- Problem
Take from the data every line in which the word "shirt" is found.

- Data under study
Content starts
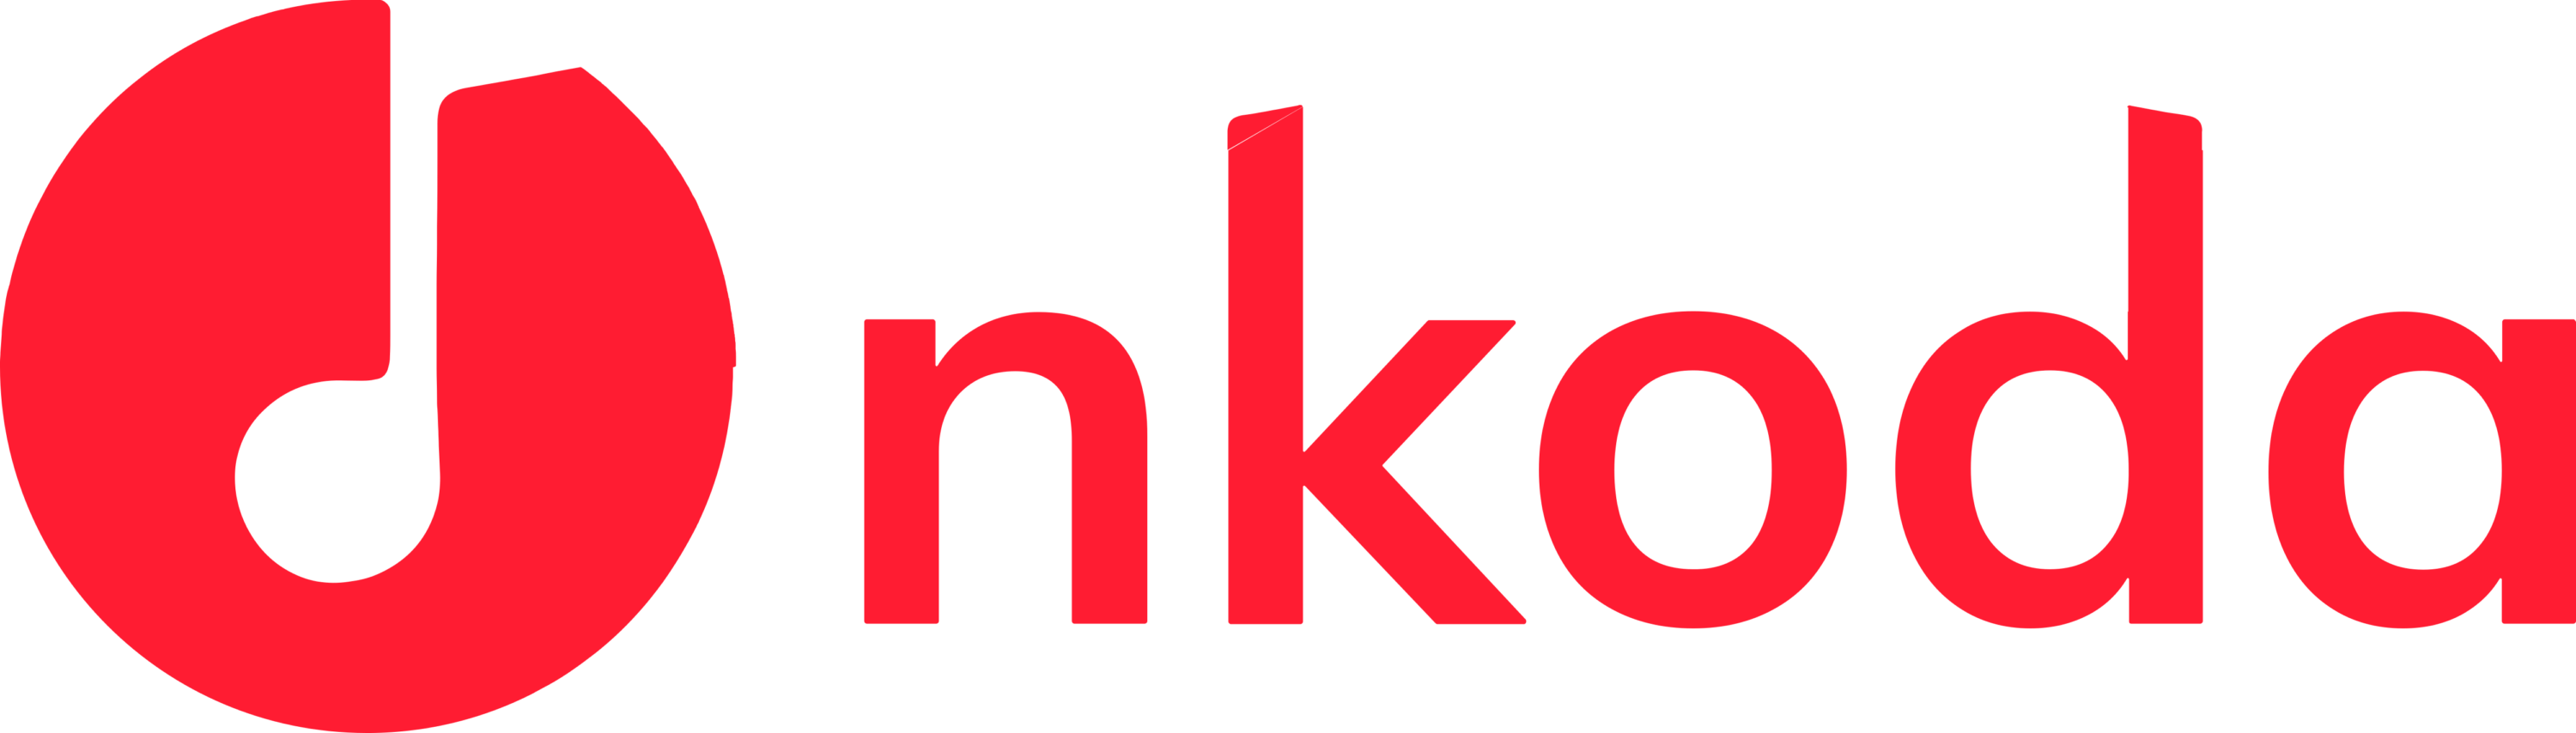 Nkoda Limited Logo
Content ends
Content starts
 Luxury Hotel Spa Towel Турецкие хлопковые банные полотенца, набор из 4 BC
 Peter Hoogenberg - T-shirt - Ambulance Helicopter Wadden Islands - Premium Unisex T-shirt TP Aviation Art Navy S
Content ends
Content starts
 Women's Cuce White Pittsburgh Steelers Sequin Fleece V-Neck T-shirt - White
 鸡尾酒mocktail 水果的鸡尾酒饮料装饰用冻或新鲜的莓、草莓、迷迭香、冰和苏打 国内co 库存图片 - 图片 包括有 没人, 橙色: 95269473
Content ends
- Exercise output
 Peter Hoogenberg - T-shirt - Ambulance Helicopter Wadden Islands - Premium Unisex T-shirt TP Aviation Art Navy S
 Women's Cuce White Pittsburgh Steelers Sequin Fleece V-Neck T-shirt - White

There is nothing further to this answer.